Department of Neurology, University of California San Francisco, San Francisco, California.
Department of Neurology, University of Washington, Seattle, Washington.
Semin Neurol. 2021 Oct;41(5):619-630. doi: 10.1055/s-0041-1731071. Epub 2021 Oct 7.

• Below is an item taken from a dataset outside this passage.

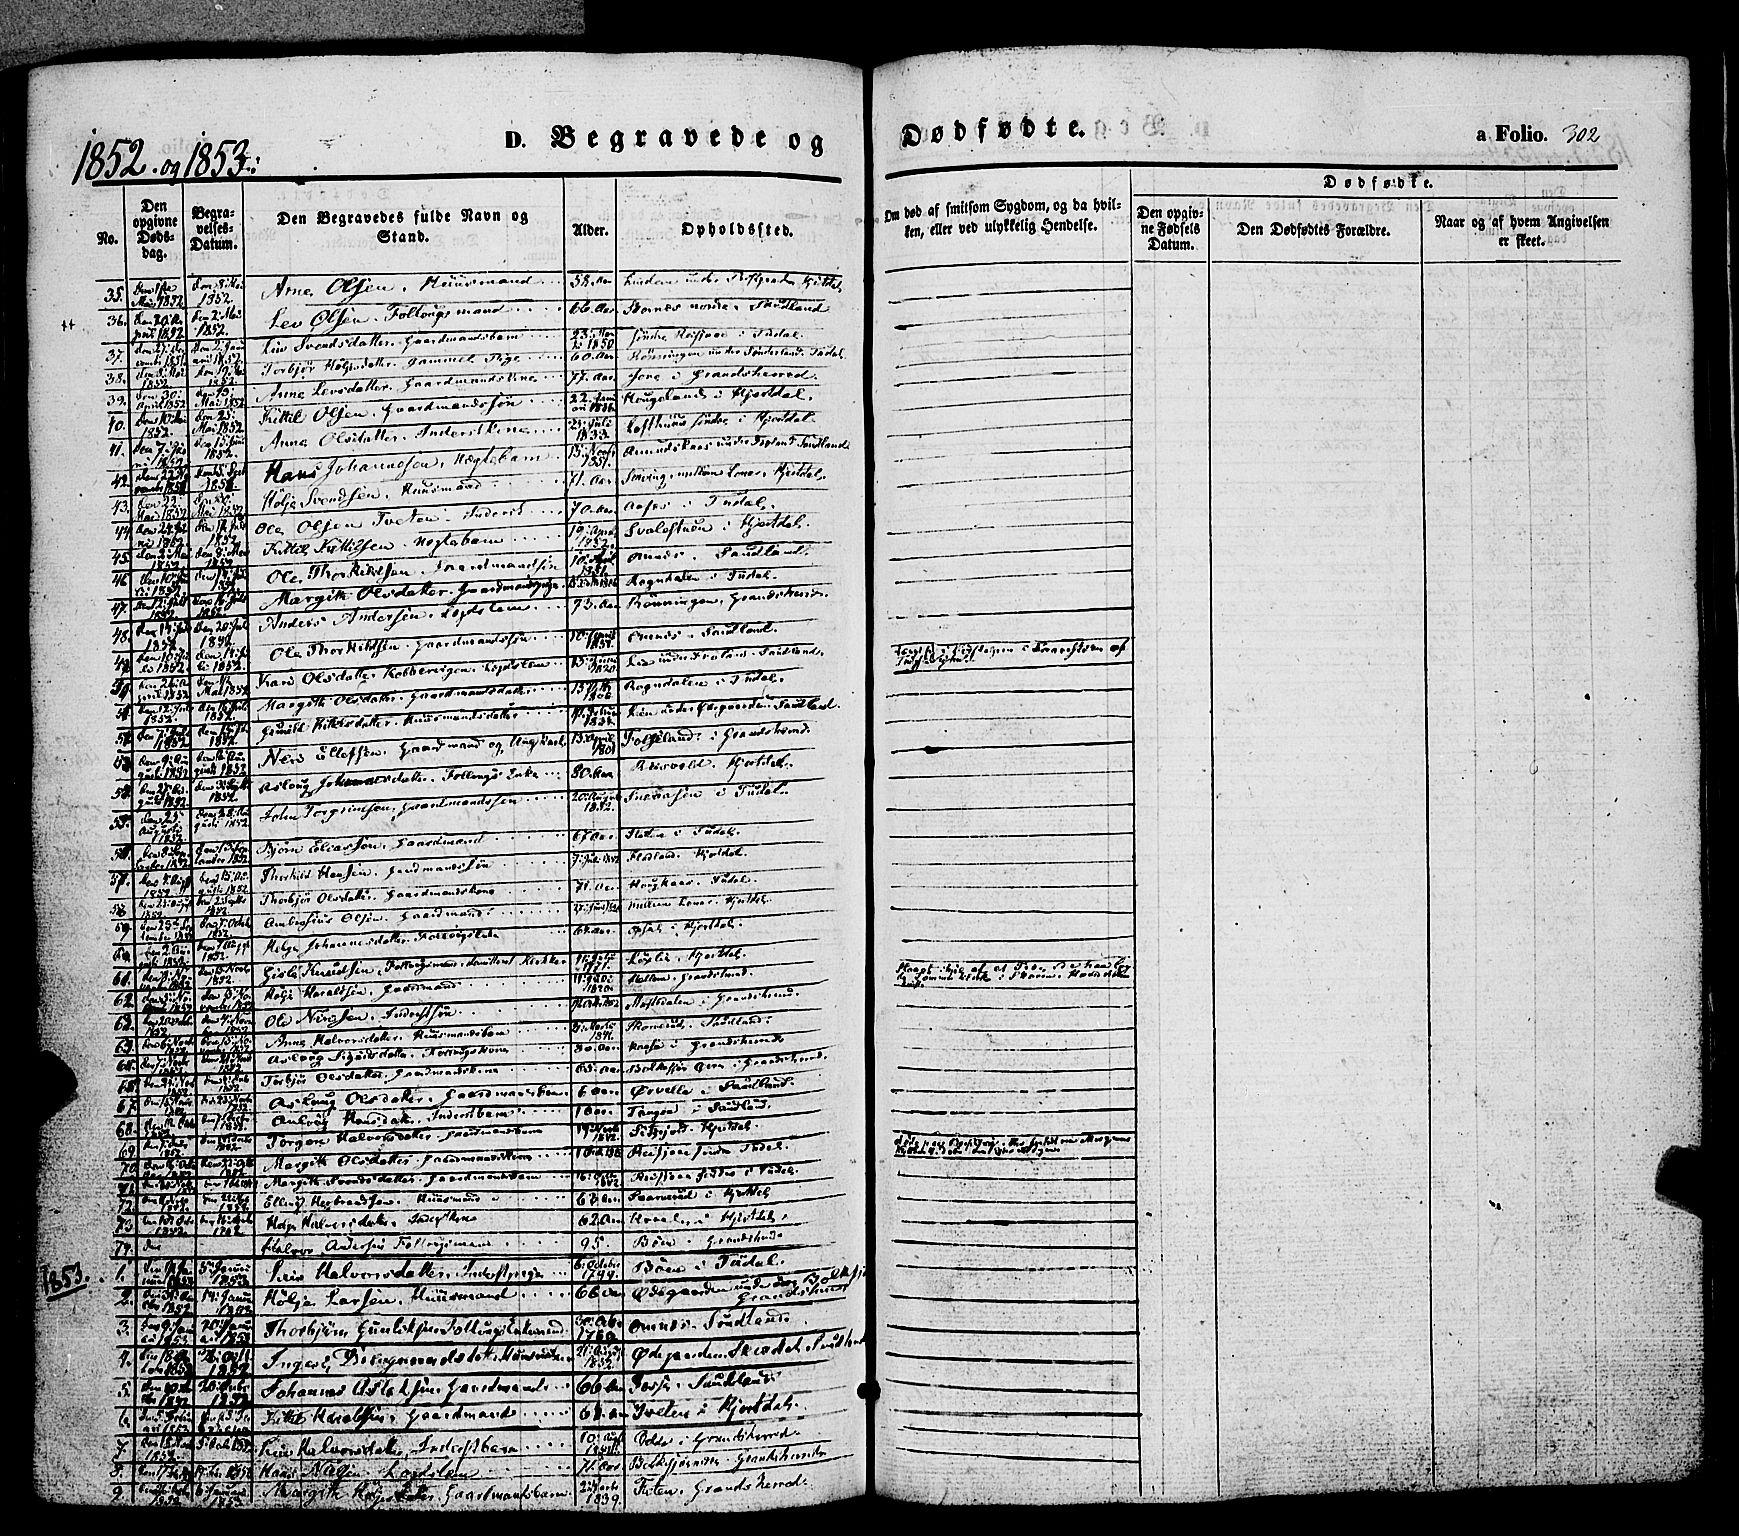 SAKO, Hjartdal kirkebøker, F/Fa/L0008: Ministerialbok nr. I 8, 1844-1859, s. 302
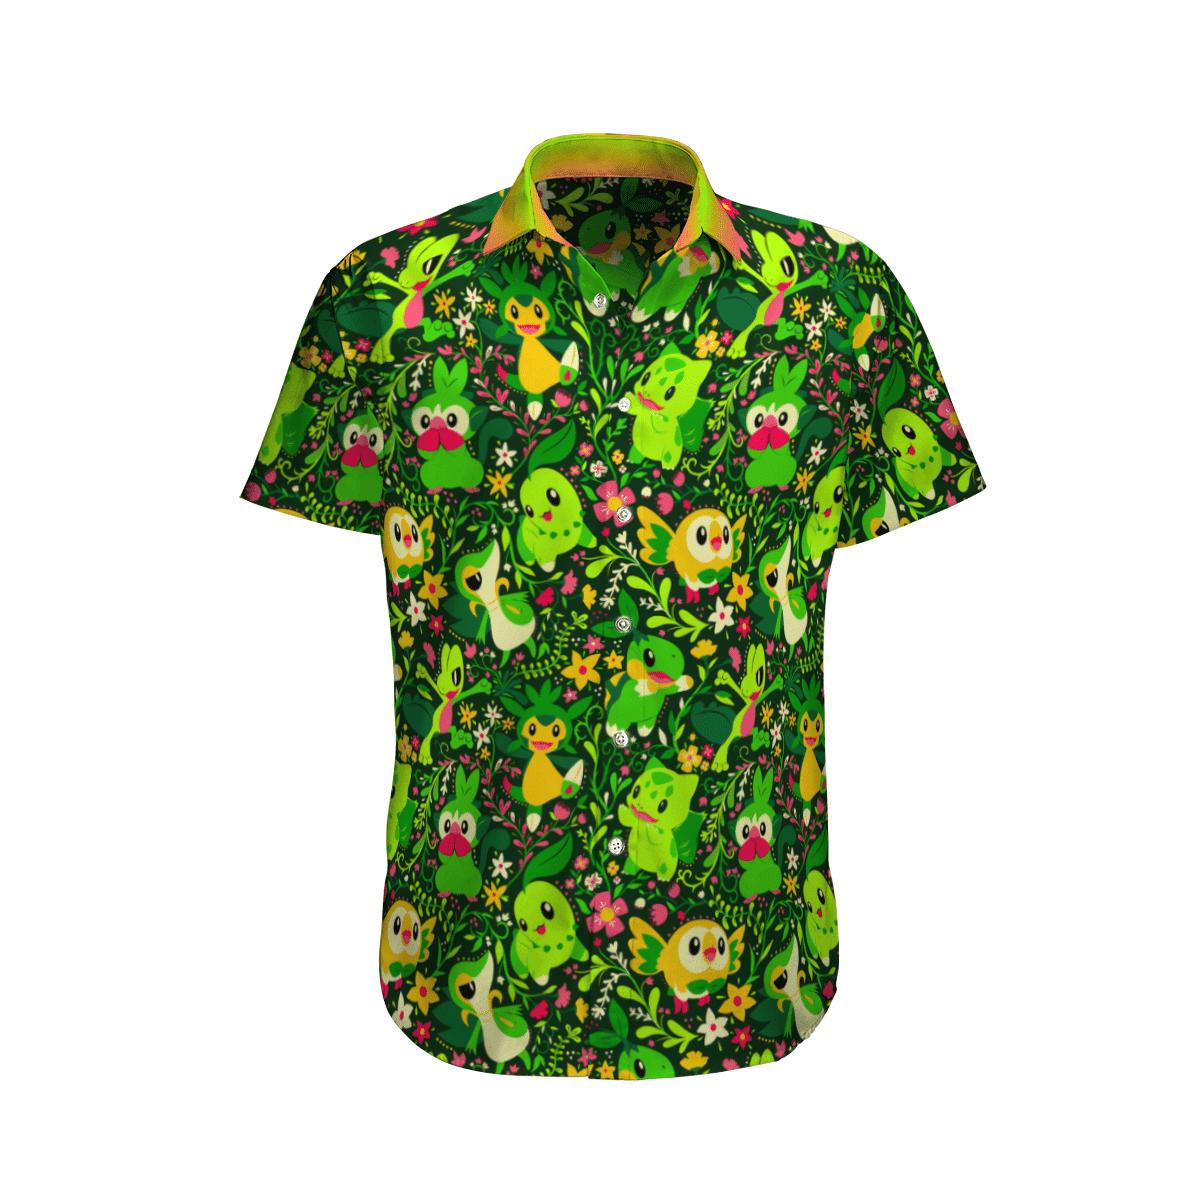 Grass Pokemon Hawaiian Shirt And Shorts

The palliative care needs of inpatients with neurologic illness are varied, depending on diagnosis, acuity of illness, available treatment options, prognosis, and goals of care. Inpatient neurologists ought to be proficient at providing primary palliative care and effective at determining when palliative care consultants are needed. In the acute setting, palliative care should be integrated with lifesaving treatments using a framework of determining goals of care, thoughtfully prognosticating, and engaging in shared decision-making. This framework remains important when aggressive treatments are not desired or not available, or when patients are admitted to the hospital for conditions related to advanced stages of chronic neurologic disease. Because prognostic uncertainty characterizes much of neurology, inpatient neurologists must develop communication strategies that account for uncertainty while supporting shared decision-making and allowing patients and families to preserve hope. In this article, we illustrate the approach to palliative care in inpatient neurology.
神经疾病住院患者的舒缓治疗需求因诊断、疾病严重程度、可用治疗选择、预后和治疗目标而异。住院神经科医生应该熟练掌握提供初级舒缓治疗的方法,并能够有效地确定何时需要舒缓治疗顾问。在急性情况下,应该使用确定治疗目标、深思熟虑地预测和进行共同决策的框架,将舒缓治疗与救生治疗相结合。当不希望或无法进行积极治疗,或当患者因慢性神经疾病晚期相关疾病入院时,该框架仍然很重要。由于神经科的预后不确定性很大,住院神经科医生必须制定沟通策略,在支持共同决策和允许患者和家属保持希望的同时,考虑到不确定性。在本文中,我们举例说明了住院神经科的舒缓治疗方法。